A son retour, le Directeur général de l’Agence malienne pour le développement de l’énergie domestique et l’électrification rurale (chargée de l’électrification de Bla) avait été contraint à la démission.
Lors de sa présentation des vœux du Nouvel An lundi dernier, le chef de l’Etat avait renouvelé sa confiance au Premier ministre Modibo Kéïta tout en souhaitant qu’une dynamique nouvelle soit insufflée à l’action gouvernementale pour mieux prendre en charge les préoccupations des Maliens.
Une vitalité que le remaniement gouvernemental opéré aujourd’hui est censée donner à l’action gouvernementale.
Le président Kéïta vient ainsi de se séparer de trois ministres, et non des moindre. A l’image du Dr Bocary Tréta, qui était le "n°2" de la précédente équipe. Secrétaire général du Rassemblement pour le Mali (RPM, parti du président), il était pourtant annoncé comme le successeur probable de Modibo Kéïta au poste de Premier ministre avant qu’IBK ne réaffirme publiquement sa confiance en ce dernier.
Mais, en 2015, le ministre Tréta a été cité dans de nombreux scandales financiers tels que l’affaire des "engrais frelatés" et des 1.000 tracteurs remis le 22 septembre par IBK aux paysans.
L’opposition malienne, notamment le Parti pour la Renaissance nationale (PARENA), avait émis non seulement des doutes sur le coût des engins (13,6 milliards de francs CFA), mais avait aussi dénoncé la procédure d’attribution à la société Toguna SARL, principal fournisseur des tracteurs, ainsi que les modalités d’attribution aux paysans.

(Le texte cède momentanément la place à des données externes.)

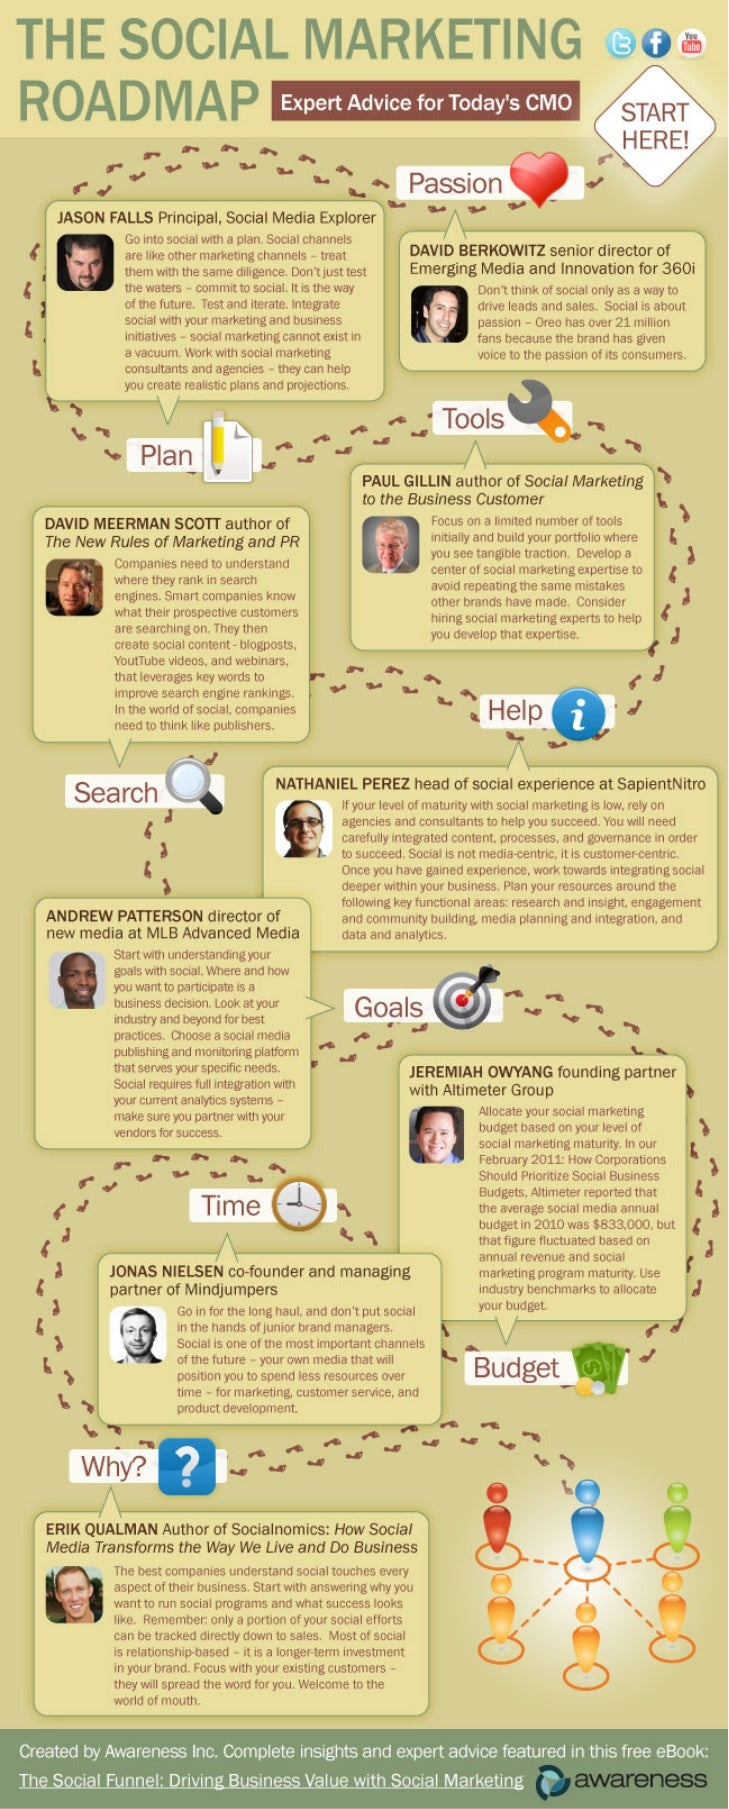 Social Marketing Roadmap [INFOGRAPHIC]

Les 1.000 tracteurs ont été cédés aux heureux bénéficiaires à moitié prix alors qu’ils étaient annoncés comme un cadeau du chef de l’Etat au monde paysan.
Les observateurs sont également surpris par la sortie du ministre de l’Economie et des Finances, Mamadou Igor Diarra, alors que le président Kéïta avait accordé une place de choix aux performances macro-économiques du Mali en 2015 dans son message du Nouvel An.
"IBK en veut à Tréta et à Igor (Mamadou Igor Diarra) de ne pas lui avoir donné les vraies informations sur la situation de la CMDT (Compagnie malienne du Développement des textiles), l’amenant à limoger son Directeur général malgré un bilan honorable. C’est dans la presse qu’il a su qu’on lui avait encore menti et il a piqué une colère noire lors du conseil des ministres du mercredi 6 janvier 2016", confirme une source proche de la présidence de la République du Mali.
En effet, dans une "lettre ouverte" adressée au président IBK sur cette éviction, un intellectuel de la diaspora malienne en France rappelait : "en avançant plus de 13 milliards de francs CFA sur les impôts de l’exercice 2016 à la demande du ministère de l’Economie et des Finances, la CMDT a contribué énormément à sauver le programme avec le FMI et la Banque mondiale en 2015. Mais, nous savons que cela n’a jamais été porté à votre attention par le ministre de l’Economie et des Finances".
Réputé très proche de la Première Dame Kéïta Aminata Maïga et nommé au gouvernement depuis septembre 2013, Me Mamadou Gaoussou Diarra n’a pas su relever les défis confiés en tant que ministre de la Jeunesse et des Sports, puis Ministre de la Jeunesse et de la Construction citoyenne et enfin celui de la Promotion des Investissements.
Ce remaniement ministériel est donc supposé être un avertissement pour tous, pour tous les membres du gouvernement et collaborateurs du chef de l’Etat, engagés dans la réalisation de son projet de société.